Au Bhoutan, le PNB a été détrôné par le BNB, le bonheur national brut. Pour permettre à cette philosophie de pénétrer peu à peu toute la société bhoutanaise, le gouvernement a lancé en 2010 une réforme baptisée "Éduquer au bonheur national brut", enracinée dans la culture bouddhiste du pays. Entretien avec l’initiateur de cette réforme, Thakur S. Powdyel, ministre de l’Éducation entre 2008 et 2012, aujourd’hui président du Royal Thimphu College, qui appelle de ses vœux une nouvelle éthique de l’éducation.

Quelle est la philosophie de l’éducation au Bhoutan, ses grands idéaux ?

Au Bhoutan, l’éducation est conçue comme un moyen au service d’une fin : nous voulons bâtir une nation en paix avec elle-même et en paix avec le monde. Si l’on n’est pas en paix avec soi-même, il est impossible d’être en paix avec le monde. Il s’agit de créer une société éduquée et éclairée reposant sur la philosophie du bonheur national brut, qui plonge ses racines dans la philosophie bouddhiste.

Quelle serait votre définition du bonheur national brut ?

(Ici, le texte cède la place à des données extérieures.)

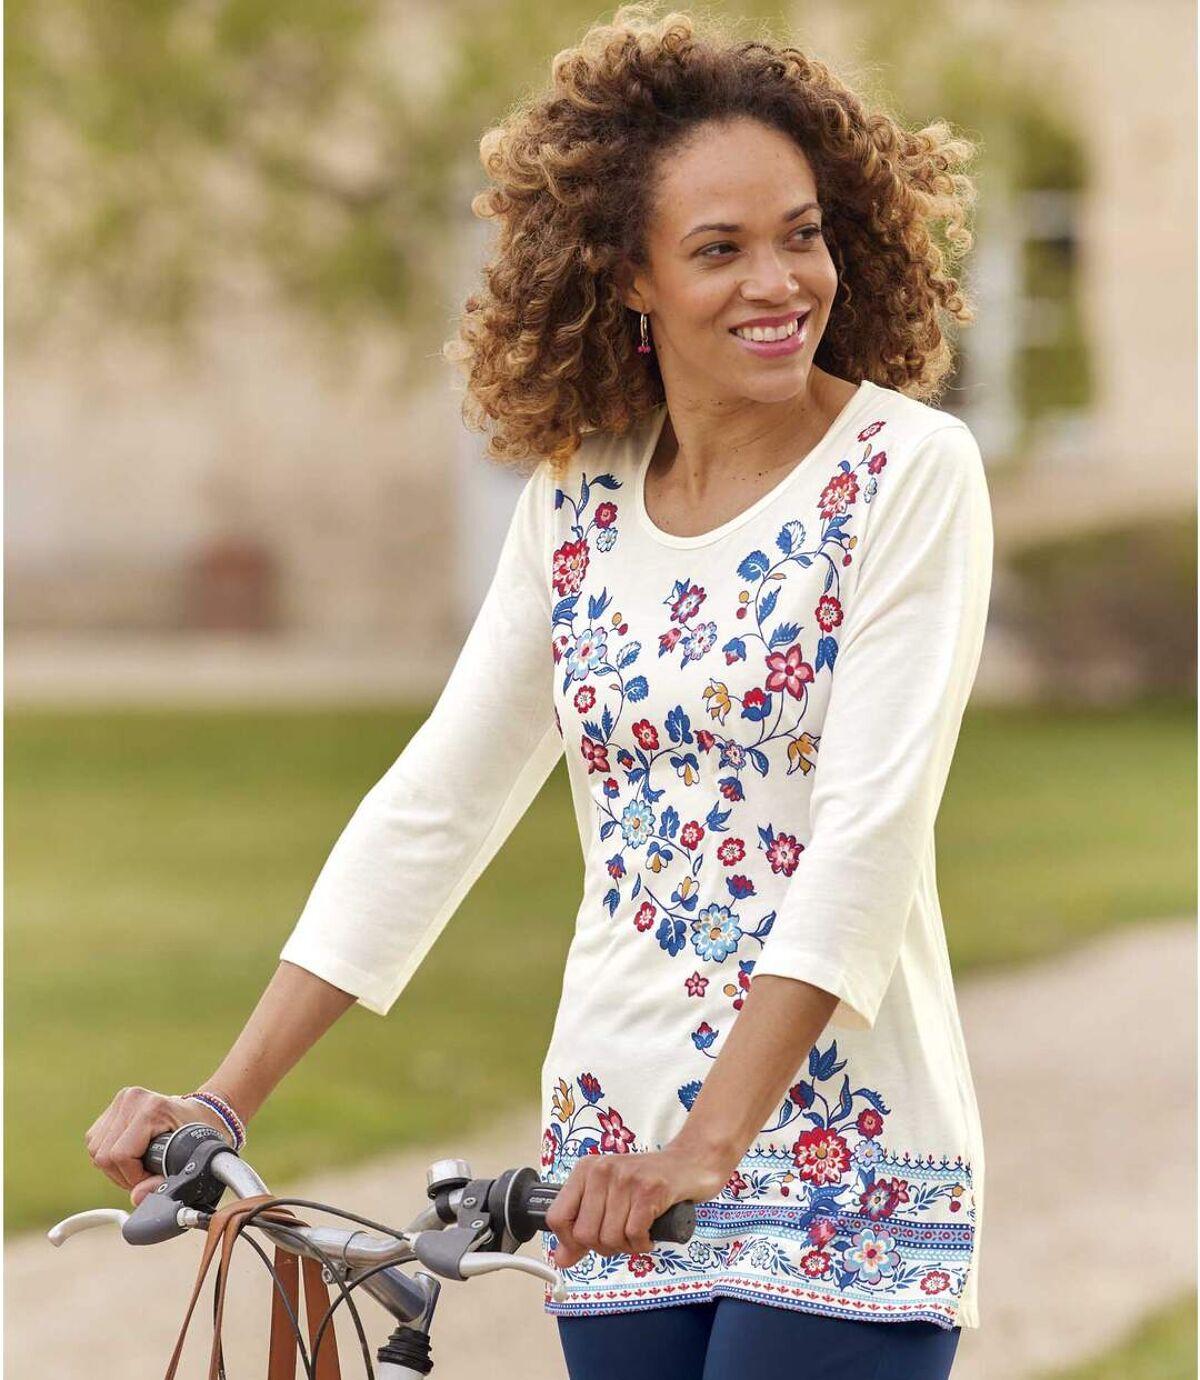 Women's Off-White Floral Print Top   Atlas For Men

Chaque être humain, chaque nation doit être porteur d’un grand rêve. Au Bhoutan, il se nomme le bonheur national brut. Nous vivons dans un monde qui a faim et soif de vérité et d’authenticité. Un monde qui a un désir ardent de voir advenir des alternatives, de nouvelles perspectives de vie et de développement. Le bonheur national brut est un idéal holistique. L’éducation est au cœur du dispositif, elle a un rôle essentiel à jouer dans la réalisation de ce grand rêve national. C’est la raison pour laquelle en 2010, j’ai lancé, avec le soutien du gouvernement, une réforme baptisée “Éduquer au bonheur national brut”. Cette réforme vise à ce que les jeunes générations s’approprient et fassent advenir ce grand rêve. Le bonheur national brut est un peu notre étoile polaire, il nous permet de ne jamais perdre le Nord. Nous ne l’atteindrons sans doute pas en une génération, mais chaque génération a l’obligation de tendre vers ce cap. Comment dresser des perspectives, bâtir des plans, trouver des ressources en soi-même quand on ne sait pas où l’on va ? L’indicateur universel de mesure du progrès qu’est le PIB ne se concentre que sur la dimension économique et matérielle de celui-ci. Il ne mesure et n’évalue rien de ce qui fait que la vie vaut la peine d’être vécue. Le bonheur national brut s’efforce au contraire d’établir un équilibre entre les besoins du corps, de l’esprit et de l’âme, un équilibre entre l’humain et la nature, entre l’élément physique et l’élément spirituel. C’est un outil holistique et de ce fait plus durable.

Comment allez-vous parvenir à infuser ces principes du bonheur national brut dans les programmes éducatifs ?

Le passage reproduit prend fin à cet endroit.